Copy each line of the following data that contains "Casa".

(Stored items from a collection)
▼
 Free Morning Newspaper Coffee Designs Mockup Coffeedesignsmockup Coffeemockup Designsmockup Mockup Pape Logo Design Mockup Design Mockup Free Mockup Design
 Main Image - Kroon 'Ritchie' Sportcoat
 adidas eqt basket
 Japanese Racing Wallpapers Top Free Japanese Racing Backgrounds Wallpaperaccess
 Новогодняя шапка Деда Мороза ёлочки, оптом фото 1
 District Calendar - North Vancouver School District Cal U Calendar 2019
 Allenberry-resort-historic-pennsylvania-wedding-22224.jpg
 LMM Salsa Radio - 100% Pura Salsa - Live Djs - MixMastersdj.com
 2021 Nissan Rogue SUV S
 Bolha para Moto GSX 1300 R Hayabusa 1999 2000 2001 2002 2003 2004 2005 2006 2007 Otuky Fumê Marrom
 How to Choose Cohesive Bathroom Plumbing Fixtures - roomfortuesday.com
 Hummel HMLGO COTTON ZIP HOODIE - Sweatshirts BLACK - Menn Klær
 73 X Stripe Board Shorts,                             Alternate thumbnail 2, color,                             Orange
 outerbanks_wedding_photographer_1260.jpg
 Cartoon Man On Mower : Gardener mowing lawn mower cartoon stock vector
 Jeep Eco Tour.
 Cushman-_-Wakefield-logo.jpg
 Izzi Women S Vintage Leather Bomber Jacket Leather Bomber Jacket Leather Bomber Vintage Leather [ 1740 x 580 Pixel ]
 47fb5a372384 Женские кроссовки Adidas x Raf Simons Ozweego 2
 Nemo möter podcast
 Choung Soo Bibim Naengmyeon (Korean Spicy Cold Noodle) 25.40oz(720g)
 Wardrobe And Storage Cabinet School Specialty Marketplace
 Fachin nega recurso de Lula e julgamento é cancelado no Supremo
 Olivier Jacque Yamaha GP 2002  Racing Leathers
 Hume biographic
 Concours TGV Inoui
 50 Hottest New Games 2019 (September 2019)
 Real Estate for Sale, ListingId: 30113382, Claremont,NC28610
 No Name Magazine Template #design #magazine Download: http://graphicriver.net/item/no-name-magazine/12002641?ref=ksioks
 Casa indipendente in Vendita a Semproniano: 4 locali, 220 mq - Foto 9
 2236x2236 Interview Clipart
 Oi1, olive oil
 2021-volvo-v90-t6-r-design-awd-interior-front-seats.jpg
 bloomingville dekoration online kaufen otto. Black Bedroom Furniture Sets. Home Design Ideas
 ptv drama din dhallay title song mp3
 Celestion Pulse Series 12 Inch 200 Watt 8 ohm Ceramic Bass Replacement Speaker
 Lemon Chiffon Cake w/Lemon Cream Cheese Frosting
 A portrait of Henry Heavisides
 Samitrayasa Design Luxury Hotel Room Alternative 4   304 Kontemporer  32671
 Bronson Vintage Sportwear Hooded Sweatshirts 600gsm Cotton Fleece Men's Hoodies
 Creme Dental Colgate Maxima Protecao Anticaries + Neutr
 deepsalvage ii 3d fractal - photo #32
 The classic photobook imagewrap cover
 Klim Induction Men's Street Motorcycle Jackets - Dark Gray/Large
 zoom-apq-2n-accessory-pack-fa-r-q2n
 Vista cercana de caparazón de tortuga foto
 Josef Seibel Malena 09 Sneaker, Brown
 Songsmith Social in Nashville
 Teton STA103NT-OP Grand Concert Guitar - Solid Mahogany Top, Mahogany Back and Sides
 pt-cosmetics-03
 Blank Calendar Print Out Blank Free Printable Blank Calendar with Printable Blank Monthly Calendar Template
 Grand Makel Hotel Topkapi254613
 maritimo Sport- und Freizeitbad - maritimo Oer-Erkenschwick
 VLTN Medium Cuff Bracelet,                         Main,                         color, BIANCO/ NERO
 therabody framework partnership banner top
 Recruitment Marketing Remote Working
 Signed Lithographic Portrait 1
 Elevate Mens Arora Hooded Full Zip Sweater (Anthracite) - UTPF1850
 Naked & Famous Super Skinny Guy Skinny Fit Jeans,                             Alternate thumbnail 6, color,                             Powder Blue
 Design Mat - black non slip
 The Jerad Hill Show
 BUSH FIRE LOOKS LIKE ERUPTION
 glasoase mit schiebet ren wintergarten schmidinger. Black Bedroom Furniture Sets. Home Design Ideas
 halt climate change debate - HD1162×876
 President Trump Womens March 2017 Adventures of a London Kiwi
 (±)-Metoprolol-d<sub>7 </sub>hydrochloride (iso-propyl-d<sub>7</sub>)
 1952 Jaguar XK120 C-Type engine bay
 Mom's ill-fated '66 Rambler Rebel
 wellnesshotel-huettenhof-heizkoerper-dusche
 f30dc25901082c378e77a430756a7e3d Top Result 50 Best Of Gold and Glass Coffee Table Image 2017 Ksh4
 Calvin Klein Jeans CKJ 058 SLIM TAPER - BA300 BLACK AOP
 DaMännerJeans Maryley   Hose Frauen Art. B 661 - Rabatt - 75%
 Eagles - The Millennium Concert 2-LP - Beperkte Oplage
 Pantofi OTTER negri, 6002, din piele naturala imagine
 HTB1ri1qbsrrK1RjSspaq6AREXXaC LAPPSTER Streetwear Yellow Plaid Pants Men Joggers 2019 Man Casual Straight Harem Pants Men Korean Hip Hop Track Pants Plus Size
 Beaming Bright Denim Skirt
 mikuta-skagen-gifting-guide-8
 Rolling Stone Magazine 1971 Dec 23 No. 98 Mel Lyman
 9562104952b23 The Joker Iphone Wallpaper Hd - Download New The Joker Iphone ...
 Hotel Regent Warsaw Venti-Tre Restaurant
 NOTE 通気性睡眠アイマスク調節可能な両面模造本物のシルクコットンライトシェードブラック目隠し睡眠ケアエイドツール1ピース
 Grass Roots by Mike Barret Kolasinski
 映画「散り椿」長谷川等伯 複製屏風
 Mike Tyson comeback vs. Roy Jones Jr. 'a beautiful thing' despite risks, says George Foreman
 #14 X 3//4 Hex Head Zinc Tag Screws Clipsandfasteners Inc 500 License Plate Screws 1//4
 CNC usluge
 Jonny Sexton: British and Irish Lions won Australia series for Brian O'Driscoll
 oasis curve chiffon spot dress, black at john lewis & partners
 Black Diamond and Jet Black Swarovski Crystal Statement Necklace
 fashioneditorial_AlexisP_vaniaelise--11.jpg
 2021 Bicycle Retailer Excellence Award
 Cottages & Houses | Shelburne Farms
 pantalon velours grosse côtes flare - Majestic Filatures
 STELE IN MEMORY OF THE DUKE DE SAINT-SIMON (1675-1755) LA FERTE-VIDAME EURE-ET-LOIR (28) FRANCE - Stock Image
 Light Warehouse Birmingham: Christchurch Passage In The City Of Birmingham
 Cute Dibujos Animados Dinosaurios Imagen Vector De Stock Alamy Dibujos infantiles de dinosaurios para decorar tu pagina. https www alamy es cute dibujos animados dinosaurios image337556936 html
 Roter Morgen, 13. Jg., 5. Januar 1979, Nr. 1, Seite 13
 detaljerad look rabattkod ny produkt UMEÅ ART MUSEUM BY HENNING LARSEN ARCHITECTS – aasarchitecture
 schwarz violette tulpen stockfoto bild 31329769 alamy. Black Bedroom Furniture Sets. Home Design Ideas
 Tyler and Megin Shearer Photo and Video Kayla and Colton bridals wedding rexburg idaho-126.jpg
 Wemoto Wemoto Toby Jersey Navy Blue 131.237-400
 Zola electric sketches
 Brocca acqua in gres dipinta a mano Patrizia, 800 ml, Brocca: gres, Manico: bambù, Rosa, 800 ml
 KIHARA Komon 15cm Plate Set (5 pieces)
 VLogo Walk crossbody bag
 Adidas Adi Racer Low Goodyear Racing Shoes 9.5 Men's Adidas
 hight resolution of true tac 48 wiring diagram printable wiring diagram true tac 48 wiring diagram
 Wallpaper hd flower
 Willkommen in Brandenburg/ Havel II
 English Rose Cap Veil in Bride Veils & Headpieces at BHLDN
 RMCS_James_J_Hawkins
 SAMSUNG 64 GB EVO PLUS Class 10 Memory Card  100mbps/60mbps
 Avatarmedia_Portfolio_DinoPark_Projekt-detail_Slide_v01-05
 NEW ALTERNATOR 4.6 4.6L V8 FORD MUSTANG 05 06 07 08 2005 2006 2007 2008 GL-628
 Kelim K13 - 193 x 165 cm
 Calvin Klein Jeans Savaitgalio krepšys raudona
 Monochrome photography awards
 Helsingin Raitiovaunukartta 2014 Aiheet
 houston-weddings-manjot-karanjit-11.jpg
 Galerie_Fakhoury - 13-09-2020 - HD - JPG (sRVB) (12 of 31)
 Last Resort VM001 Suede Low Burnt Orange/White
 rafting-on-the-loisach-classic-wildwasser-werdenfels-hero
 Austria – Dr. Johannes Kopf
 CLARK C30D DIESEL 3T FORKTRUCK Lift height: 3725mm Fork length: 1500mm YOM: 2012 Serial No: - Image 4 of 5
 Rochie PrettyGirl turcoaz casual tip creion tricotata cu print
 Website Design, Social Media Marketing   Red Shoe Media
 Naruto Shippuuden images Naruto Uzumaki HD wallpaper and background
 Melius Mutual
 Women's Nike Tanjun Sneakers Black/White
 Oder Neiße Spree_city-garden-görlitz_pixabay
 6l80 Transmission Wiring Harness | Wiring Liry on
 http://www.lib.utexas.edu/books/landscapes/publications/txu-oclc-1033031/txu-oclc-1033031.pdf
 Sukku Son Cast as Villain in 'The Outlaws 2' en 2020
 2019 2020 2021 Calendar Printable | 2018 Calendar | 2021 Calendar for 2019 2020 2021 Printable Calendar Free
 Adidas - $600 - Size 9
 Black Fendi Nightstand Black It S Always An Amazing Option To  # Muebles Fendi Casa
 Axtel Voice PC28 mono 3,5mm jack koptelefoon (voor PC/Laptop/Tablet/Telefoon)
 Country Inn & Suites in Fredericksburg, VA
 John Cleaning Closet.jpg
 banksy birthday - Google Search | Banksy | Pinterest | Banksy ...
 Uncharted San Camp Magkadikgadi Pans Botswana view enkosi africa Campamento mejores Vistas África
▲
Result of the task -
 Casa indipendente in Vendita a Semproniano: 4 locali, 220 mq - Foto 9
 Black Fendi Nightstand Black It S Always An Amazing Option To  # Muebles Fendi Casa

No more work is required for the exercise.